Lakshya - (Mostly a physical performance quite literally however he does bring enough low key charm in his early scenes to set up the fall that takes place throughout the rest of your room. And there he brings just basically losing any hope and going from depicting an intense sadness to just an intense hate. Something he carries within his physical performance going from defense in his early scenes, to focused and intense intention of killing the rest of the time. Bringing with it the sense of physical exhaustion essentially with his moral exhaustion showing him to be a husk towards the end of the film in more ways than one.)

Juyal - (His performance just accentuates punchability at every point, as brings just such a smugness to every beat of his performance, making a villain you absolutely hate.
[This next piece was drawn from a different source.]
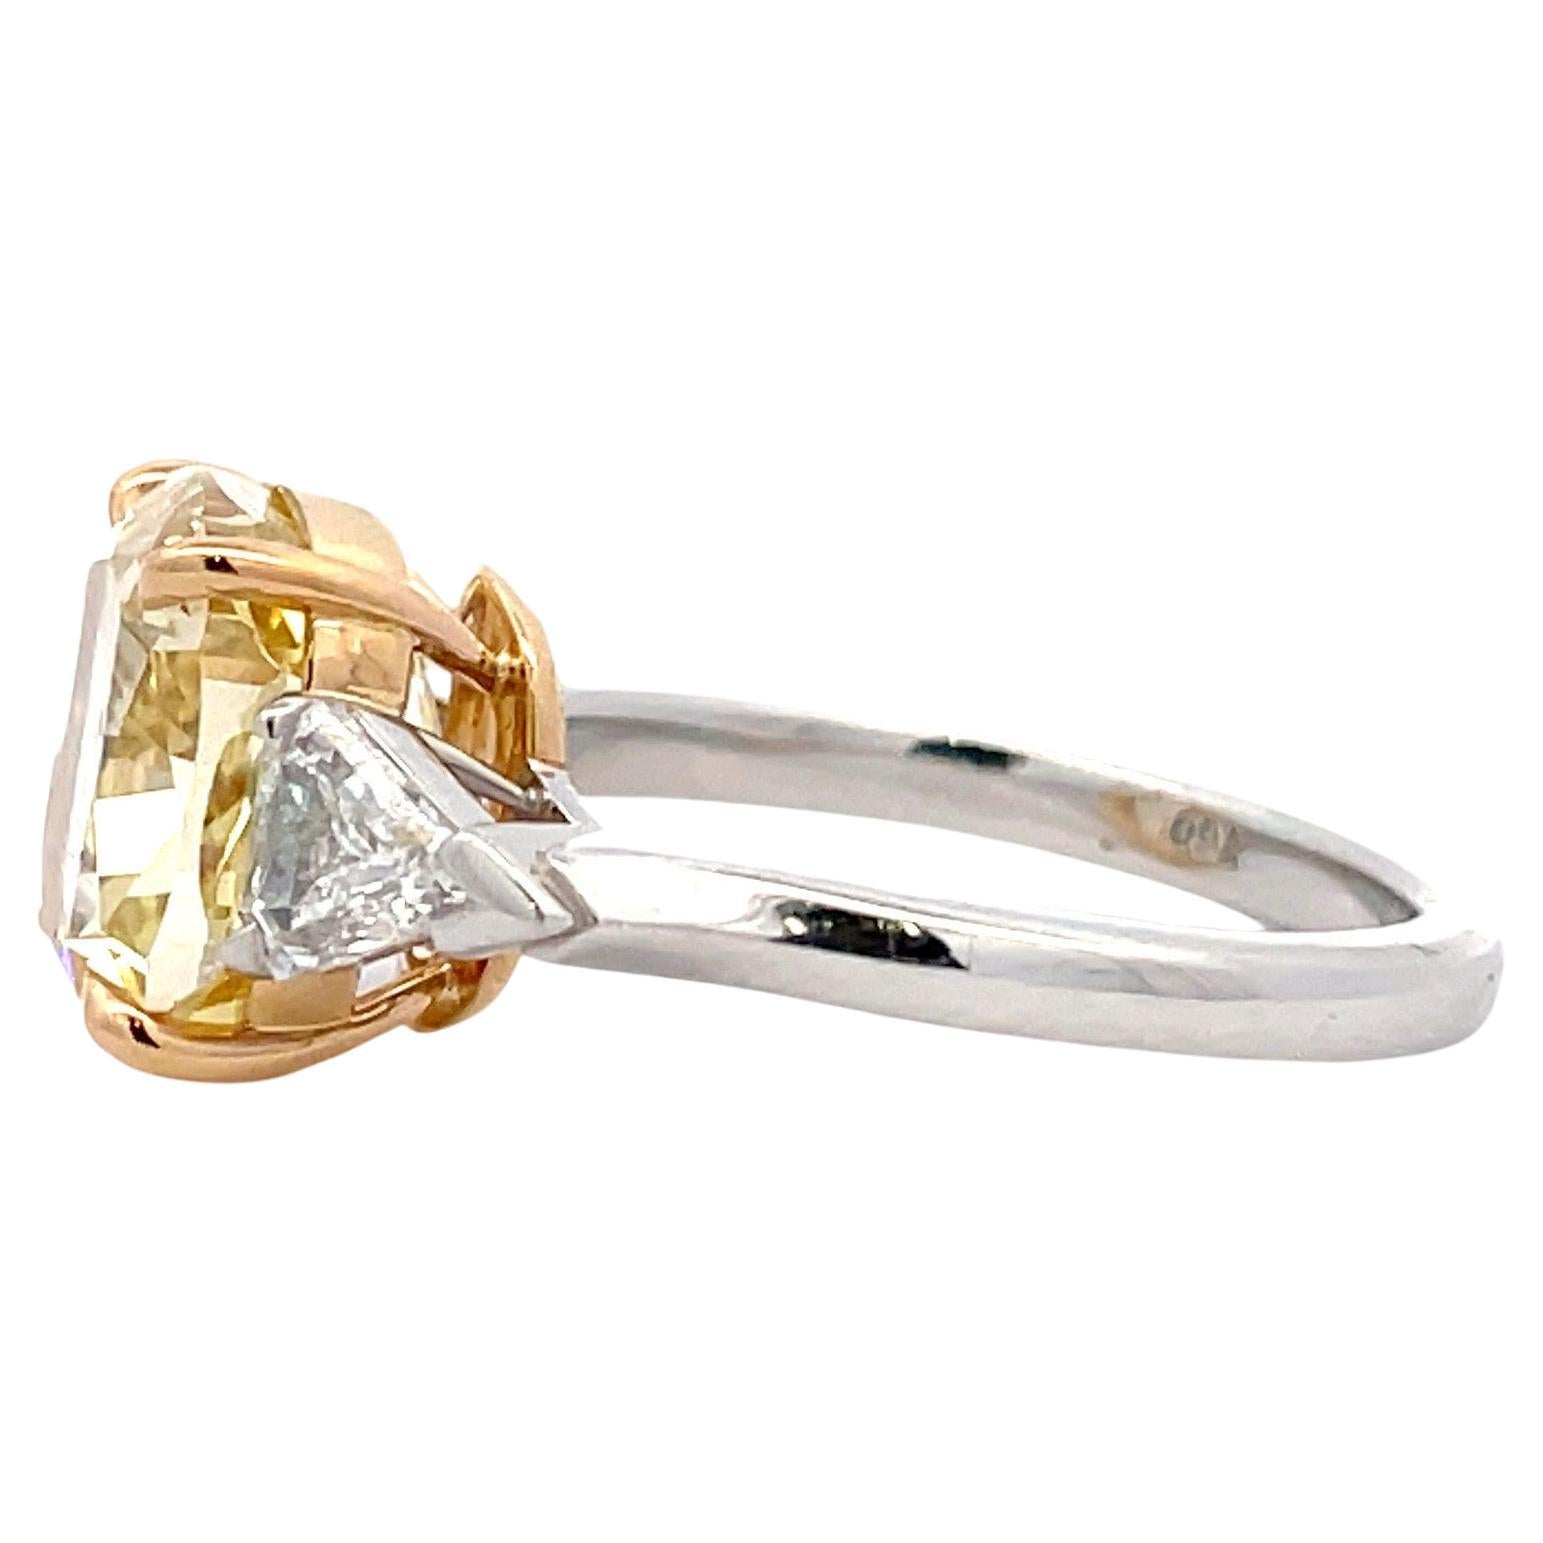 Three stone ring featuring one GIA Certified Fancy Brownish Yellow Cushion, 5.67 Carats, VVS1 Clarity flanked with two Kite diamonds weighing 0.67 Carats, in Platinum & 18 Karat Yellow Gold.

Diamonds Quality
Color E 
Clarity VS

Even when the tides are turning against him the emphasis of his performance consistently is this deferring of guilt and maintaining the same attitude of a man who has no regrets with what he has done and feels as though he has nothing to lose.)

Vidyarthi - (His performance acts mostly as contrast to the less immediately hateable villain though he still brings his own menace, however with the sense of a tempering of the extremes. Bringing more of quiet pathos even within the cold menace, creating much more the sense of somewhere who did care more about his own family than the killing unlike his relative.)
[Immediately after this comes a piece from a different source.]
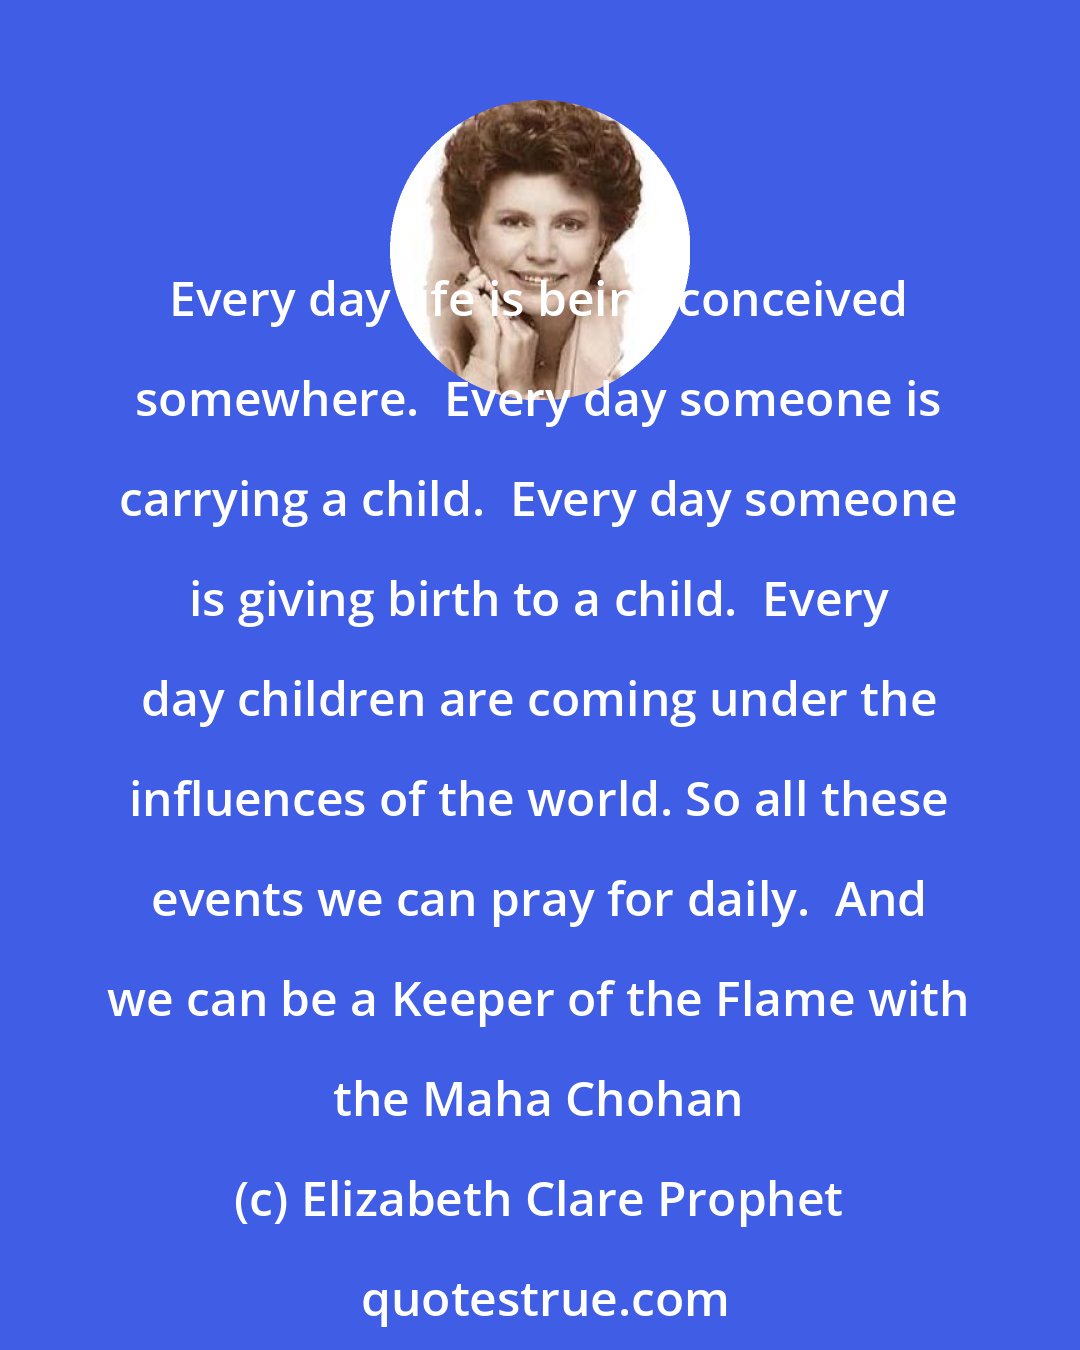 Elizabeth Clare Prophet: Every day life is being conceived somewhere.  Every day someone is carrying a child.  Every day someone is giving birth to a child.  Every day children are coming under the influences of the world. So all these events we can pray for daily.  And we can be a Keeper of the Flame with the Maha Chohan

Maniktala - (Brings just the right sincerity in her performance to create the appropriate stakes early on then believably grounds the initial action scenes in portraying real fear and anxiety within the situation. While eventually making the most out of her two final moments in providing impact by providing one of the few innocents in the film in a genuine fashion.)

Anonymous:

Except for Mikkelsen's bizarre bye bye, no one stood out to me as particularly good or particularly bad.

Matt:

Richard III:

Richard III: Willem Dafoe
Buckingham: Ralph Ineson
Edward IV: Ciaran Hinds
George: Simon McBurney
Queen Elizabeth: Nicole Kidman
Lady Anne: Barbara Hershey
Henry: Robert Pattinson

Macbeth:

Macbeth: Nicholas Hoult
Lady Macbeth: Lily-Rose Depp
Duncan: Stellan Skarsgard
Malcolm: Alexander Skarsgard
MacDuff: Robert Pattinson
The Porter: Willem Dafoe
The Witches: Something extremely creative.

Lucas Saavedra said...

Louis: What are your top 3 directing moments for The Straight Story?

Luke Higham said...

Louis: Thoughts on the cast.

Marcus said...

Louis: When you have time, your extended thoughts on Lynch as a filmmaker?

Robert MacFarlane said...

I love how his body language goes from James Dean posturing to almost literally snakelike. Demonic work.

Also, any chance he can be upgraded for Prince of the City? He's actually my #2 that year to Hoskins.

Luke Higham said...

Louis: Is Watts a 5 or still a 4.5 for King Kong and is she #4 for Best Actress 2005.